Oh, for sure. Been a DoD civilian on a military base for almost 17 years; not once have I heard a female officer called “Sir” except by accident by a mortified baby lieutenant.

Oh, I think you weren’t here yet for the Sir Discourse. It must be, gosh, like a year ago– and don’t let Discourse make it sound worse than it was, it wasn’t like anyone was really super bitter about it or whatever, but– 

I guess there was some sci-fi or fantasy TV show or other, or more than one maybe, that had a woman who was a general or commander or whatever, and everyone called her Sir instead of Ma’am, and it was meant to be a gesture of respect I guess– misgendering this woman was, in-universe, taken to be some sign of how Great her authority was.(I am sure that twenty people will send me messages and asks telling me more about this TV show or movie or whatever it was. I really don’t care, it’s cool if you liked it, I didn’t watch it and don’t care to, I’m not super into most entertainment properties, I’m sure they had some elaborate in-universe justification for it. I honestly don’t give a fuck, if I was going to, I’d have been convinced a year ago.) 

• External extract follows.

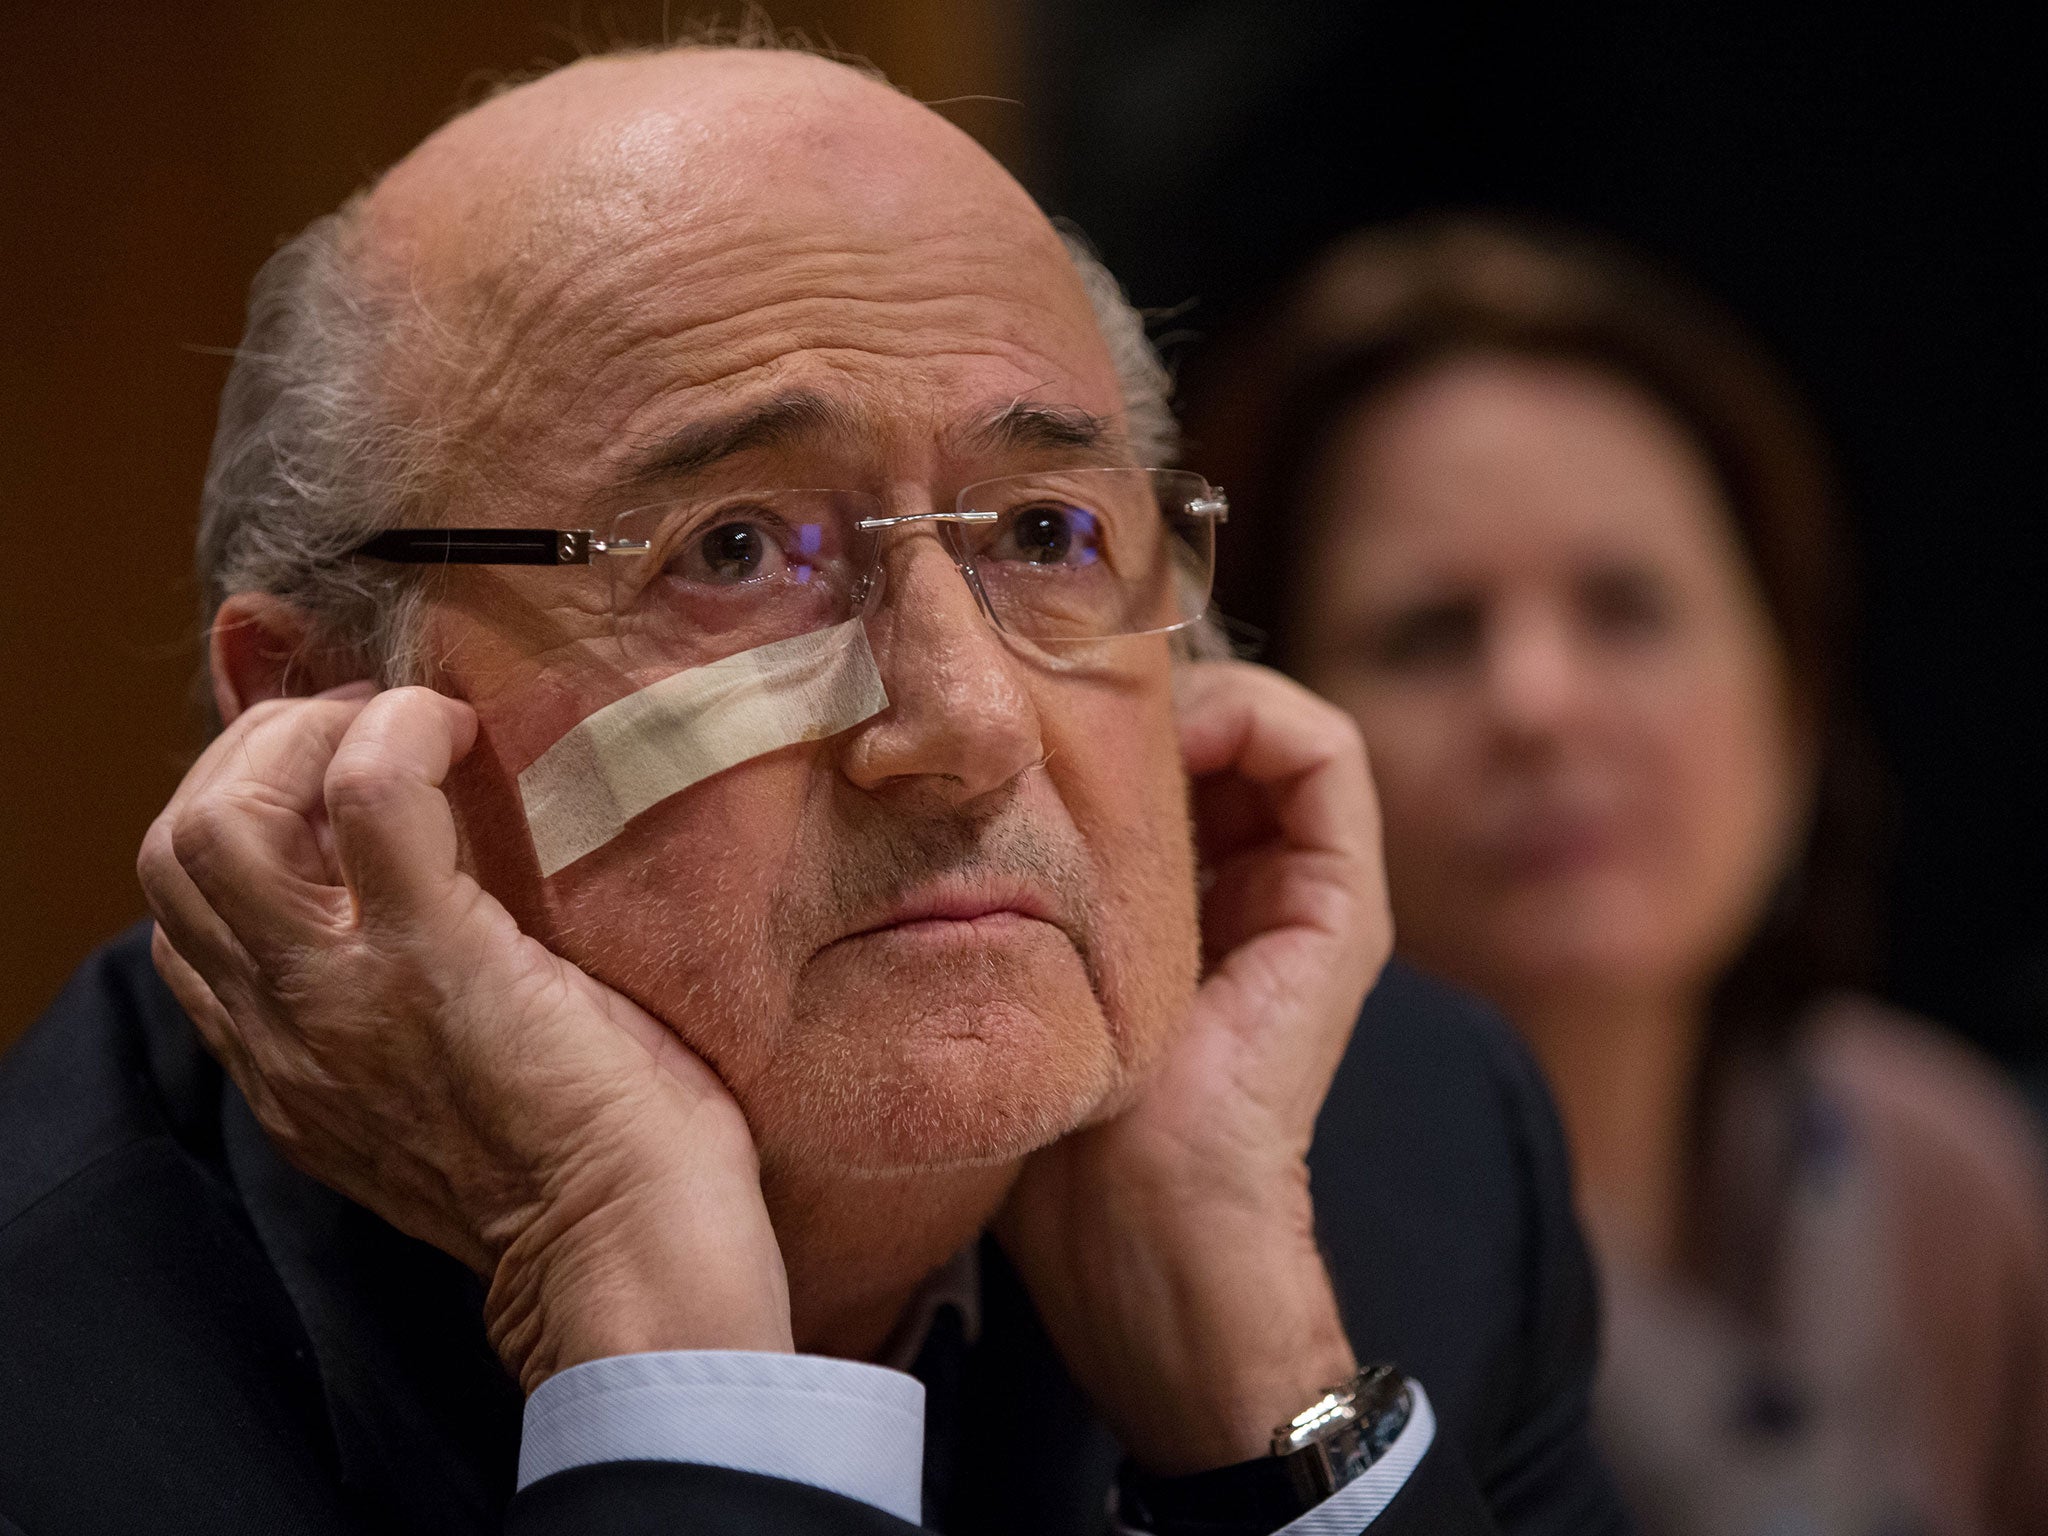 Fifa president Sepp Blatter has been banned from football for eight years by Fifa

And so a handful of people– good writers, people with whose worldview there is nothing appreciably wrong– in homage to this series or movie or book or show or whatever it was, due to how great and culturally formative it was– wrote some excellent fics, but in them, General Leia Organa was called “Sir” by various of her subordinates.

I, not familiar with whatever this other media property was, was sort of horrified. Why the fuck would you misgender a woman General? I didn’t understand it.

Clearly, it was intended as a respectful thing, I was informed. Which, fine, I guess I get the intention. Maybe? 

But I was really pretty offended, and remain a bit offended– especially because more than one person informed me that to them, “Ma’am” was a sex worker or dominatrix kind of thing. Which, honestly? That’s a problem with you, not with the word. If you can’t imagine using that honorific for anyone in a real-life scenario outside of sex work, you maybe need to work on that.

Because in real life, women have been in command, in real life, and called by their correctly-gendered honorific in English, in real life, for decades. And to erase the thousands of real women, who in real life, are actually in real life in real command of real soldiers in real wars, is hideously offensive to me.

But like. Your movie or TV show or whatever that posits that women have to be misgendered to be respected is cute, and all. Great. 

I still have this photo saved on my hard drive from last time. These are the first two women to be promoted to the rank of General of the United States Army. In 1970. Only seven years before A New Hope came out, sure. But. Seven years before the first Star Wars movie and we already in real life had women who were generals. It is absolutely a failure of our media and popular culture that we didn’t know that, that they wouldn’t even let any woman have a speaking role in the movie outside of Leia. In real life, women were already in command by then.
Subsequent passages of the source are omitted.